*Problem statement:* Reproduce only what runs from the line containing "Gato loco malvado" to the line containing "Sede del Banco" in the records below, inclusive. Keep it exact, and keep the pictures out.

*Dataset:*
########

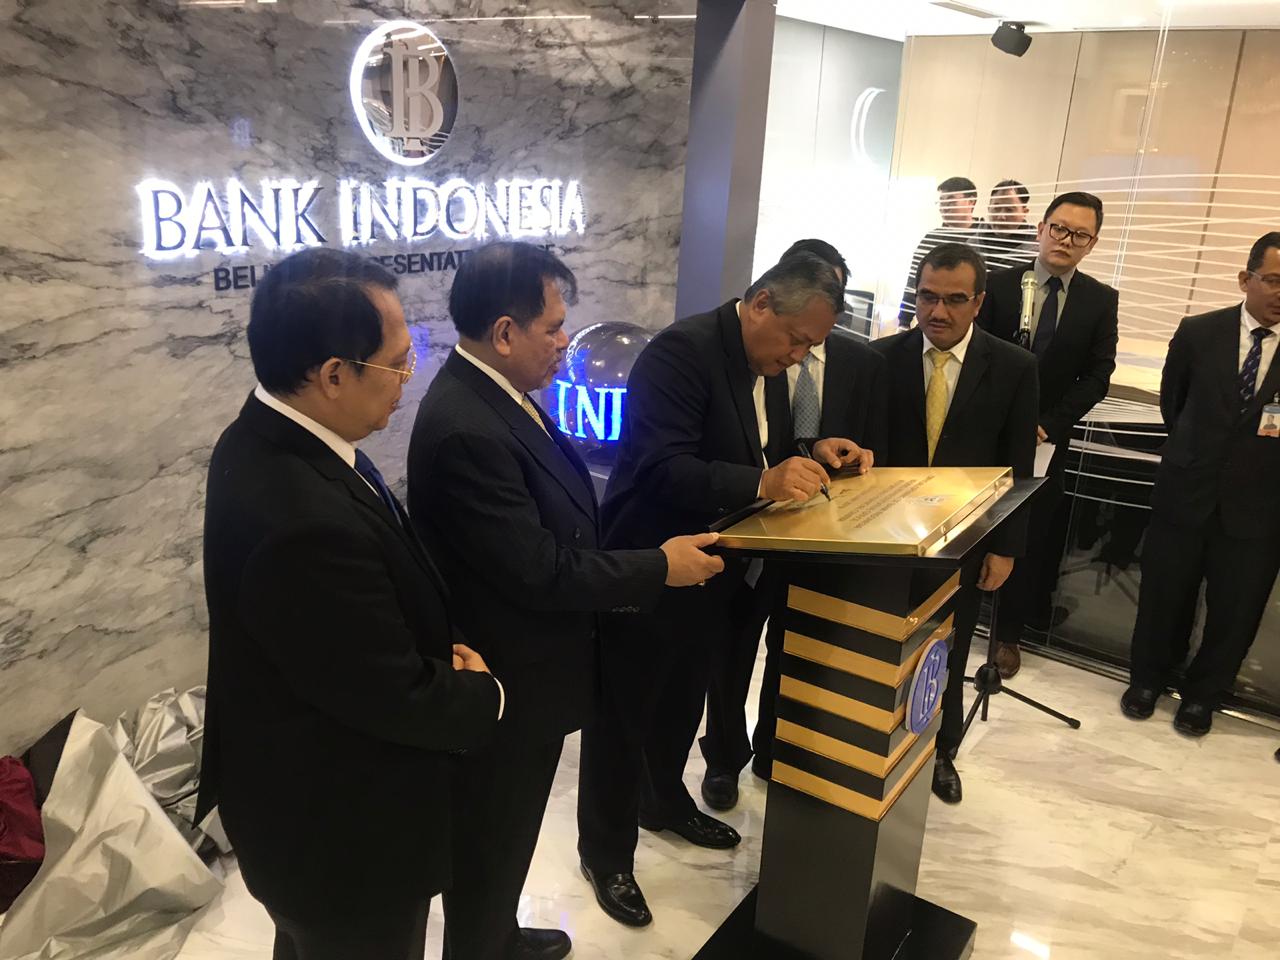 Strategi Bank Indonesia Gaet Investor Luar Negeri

########

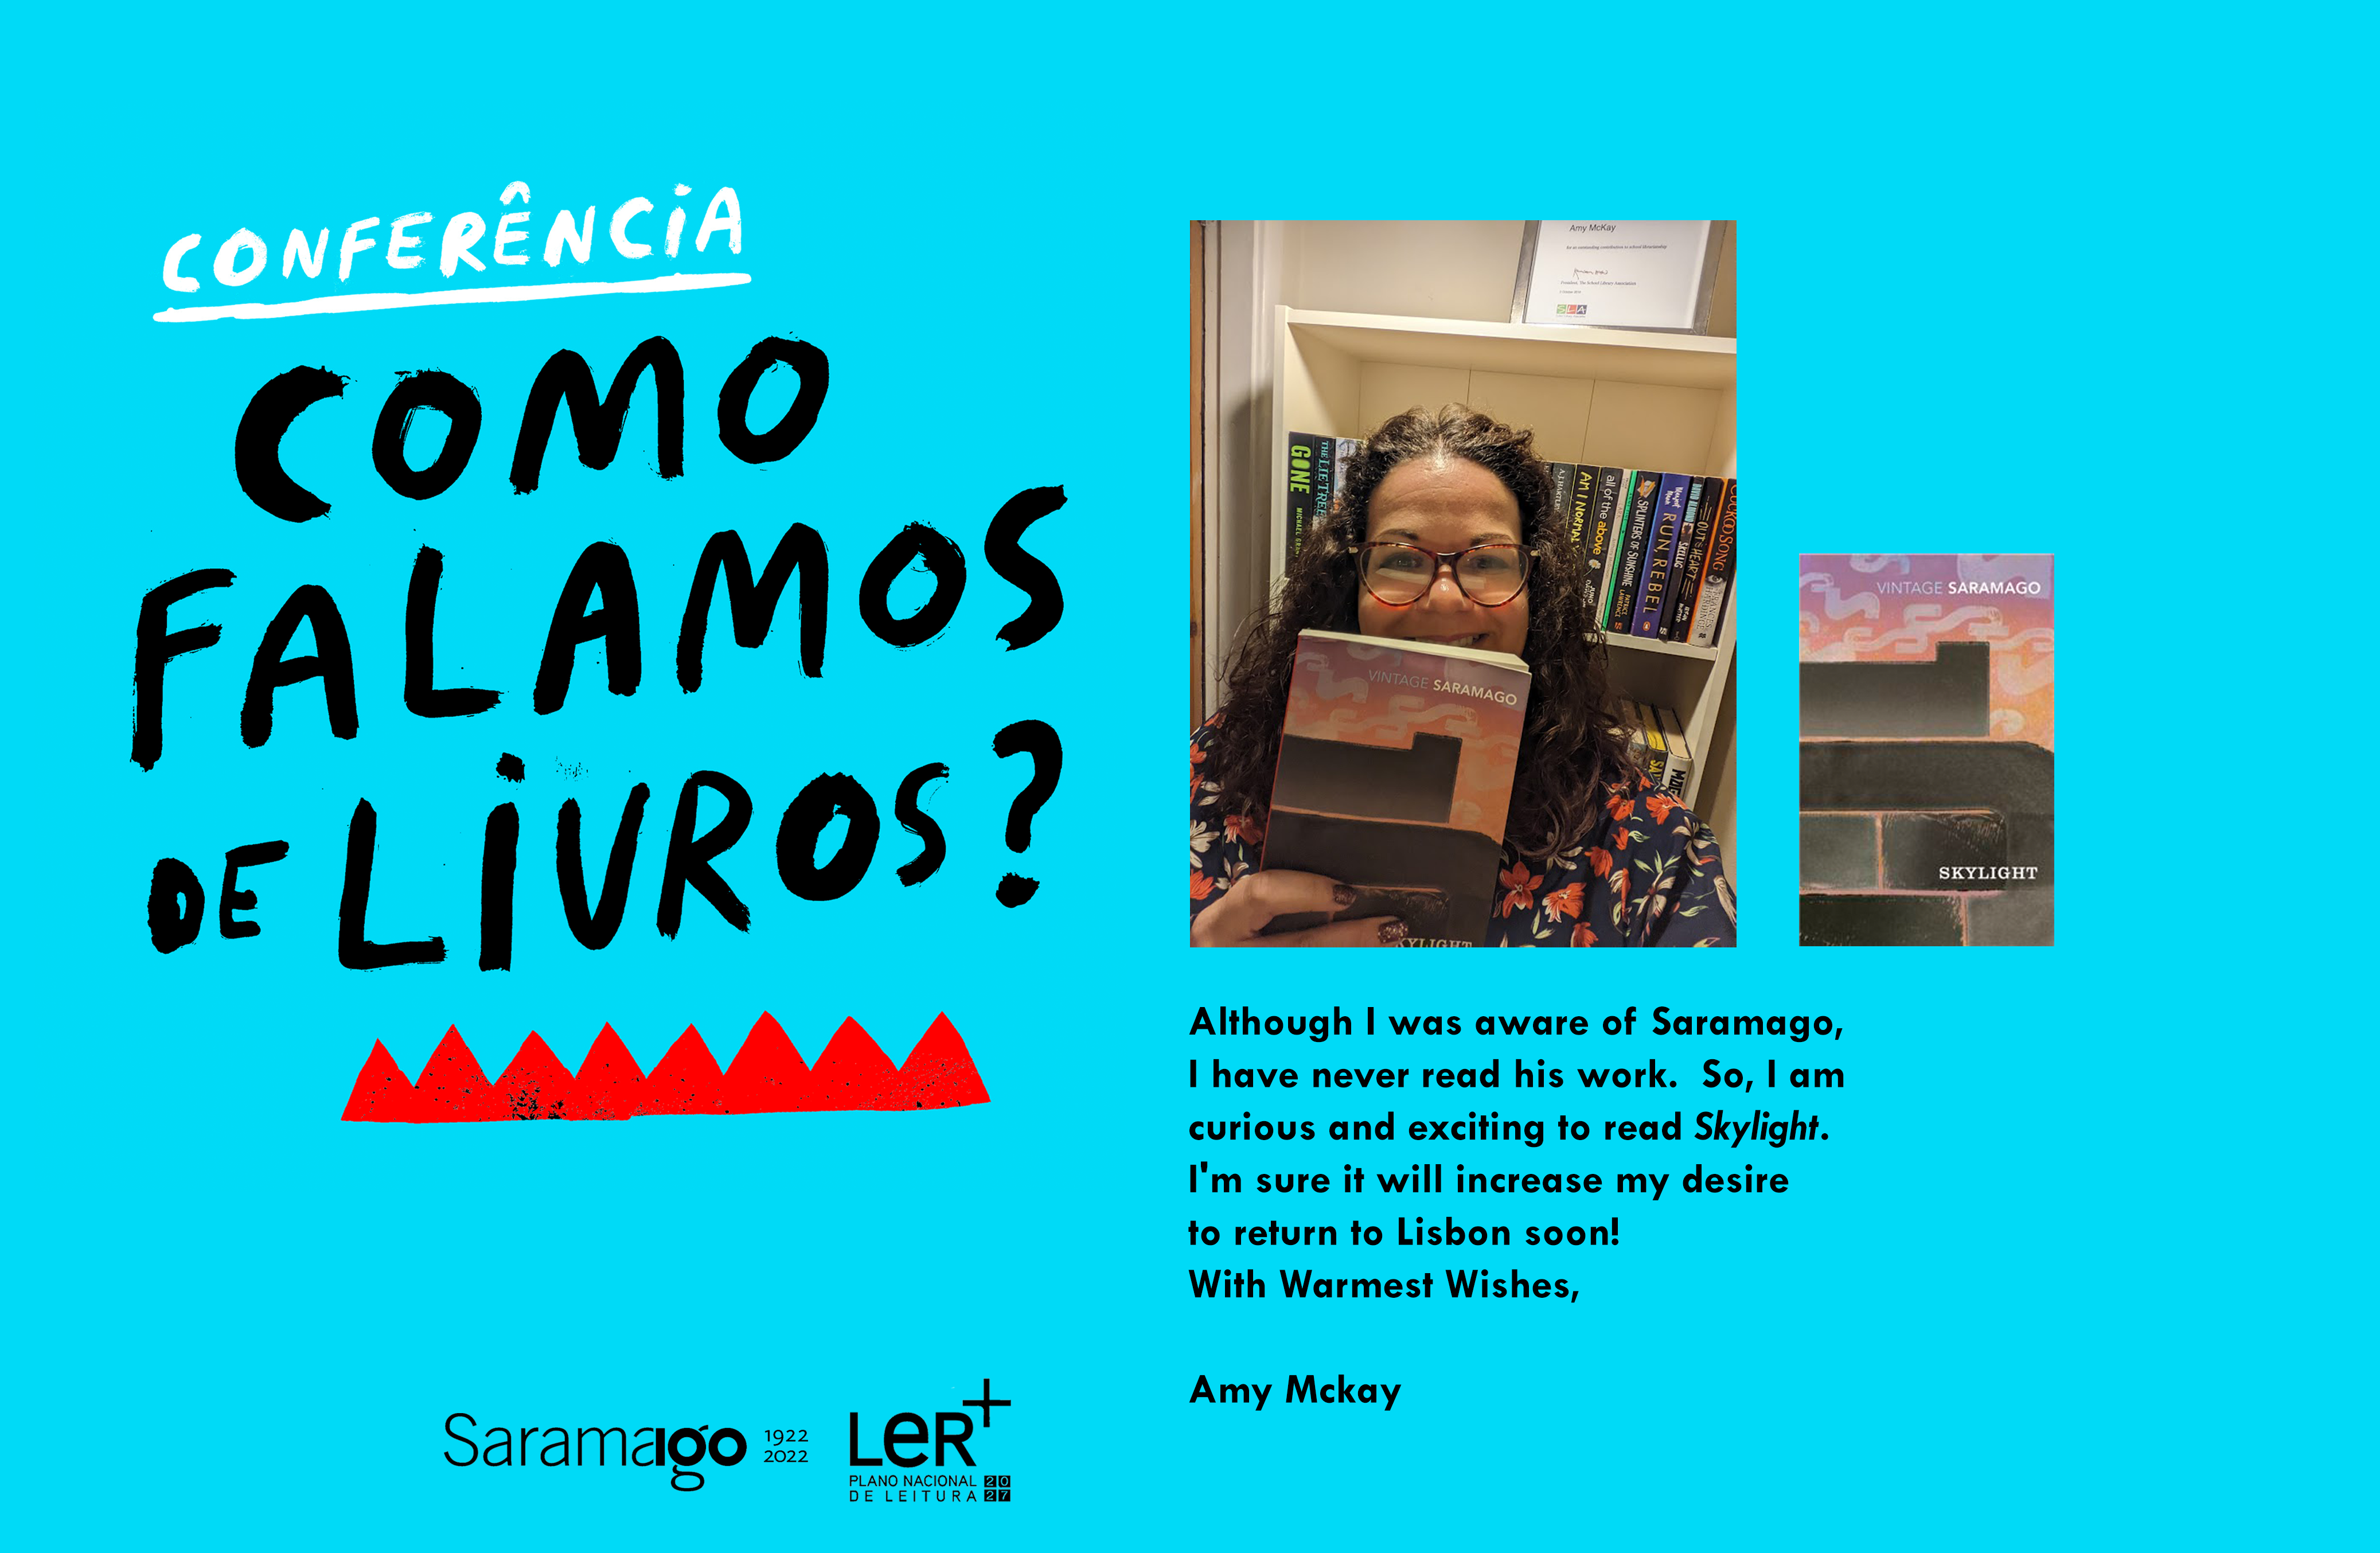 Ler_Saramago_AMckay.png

########

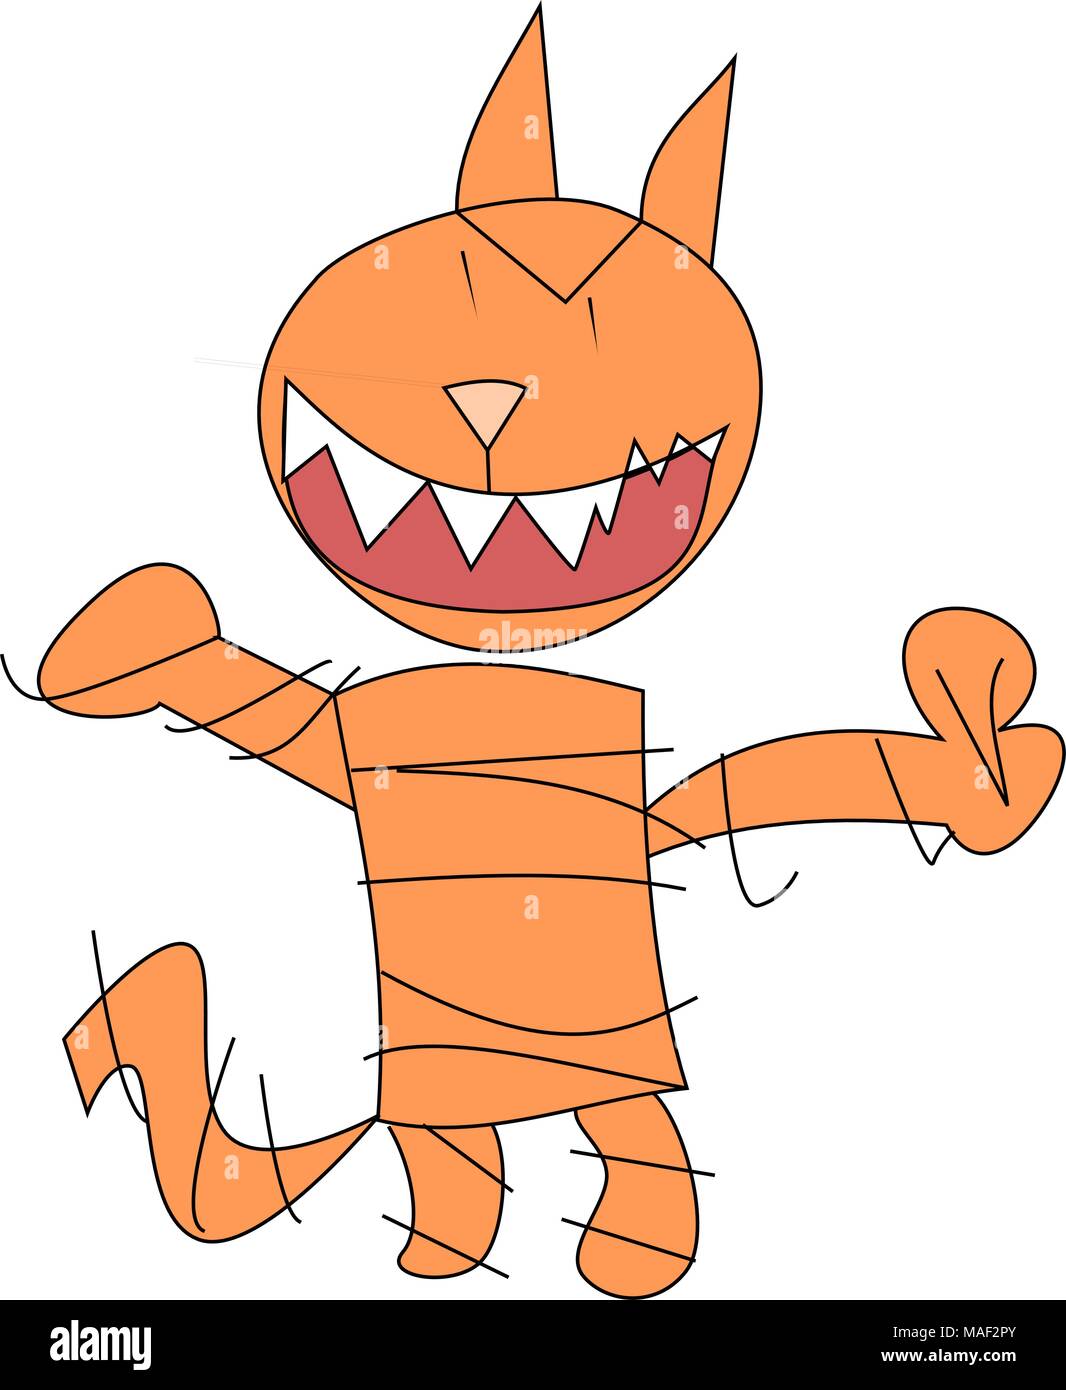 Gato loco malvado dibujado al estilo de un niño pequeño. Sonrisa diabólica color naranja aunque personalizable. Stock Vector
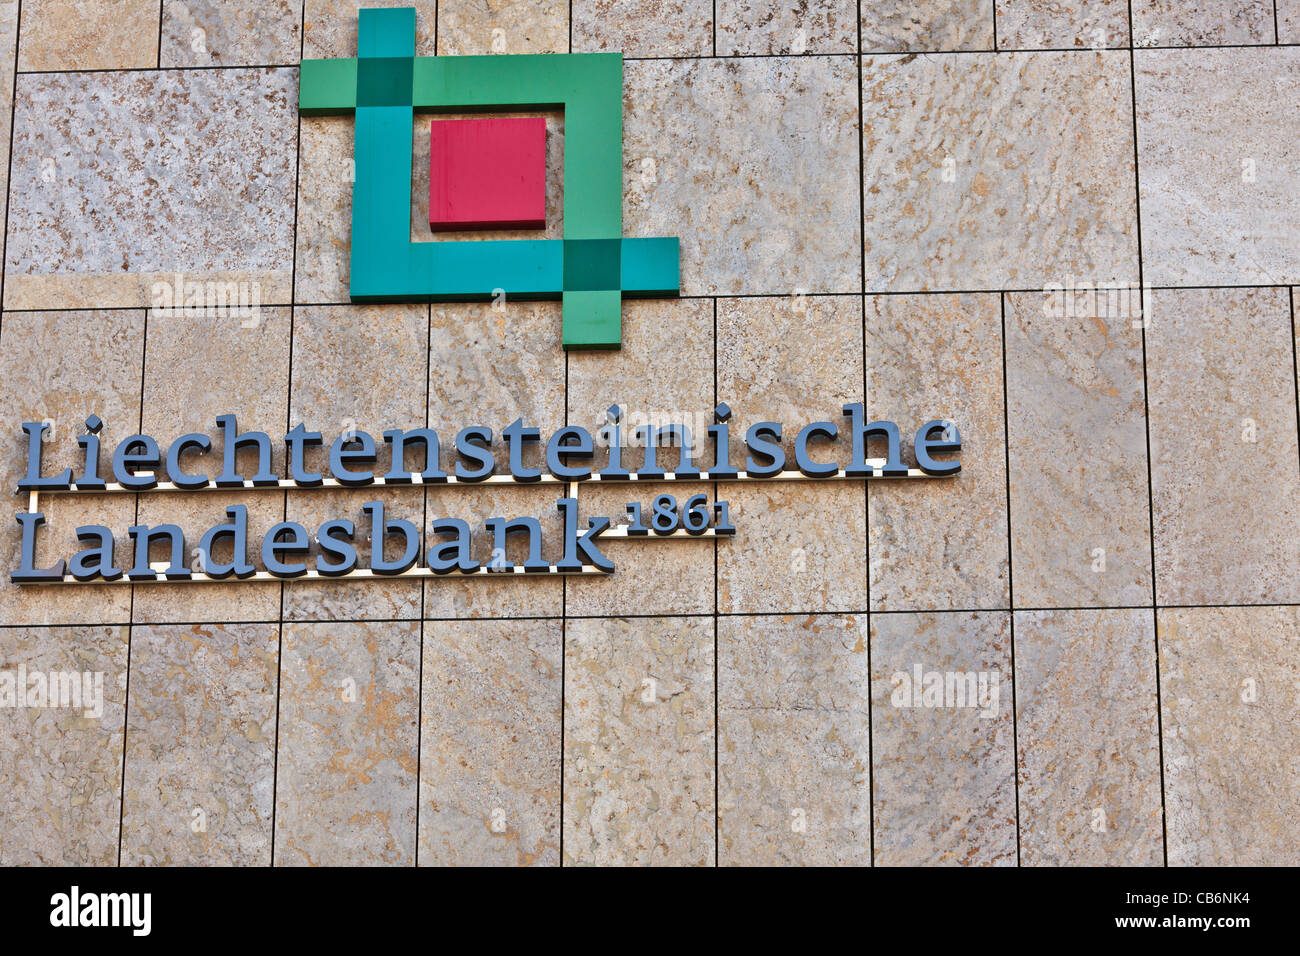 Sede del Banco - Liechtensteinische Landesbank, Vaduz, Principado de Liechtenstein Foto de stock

########

*Output for this exercise:*
 Gato loco malvado dibujado al estilo de un niño pequeño. Sonrisa diabólica color naranja aunque personalizable. Stock Vector
 Sede del Banco - Liechtensteinische Landesbank, Vaduz, Principado de Liechtenstein Foto de stock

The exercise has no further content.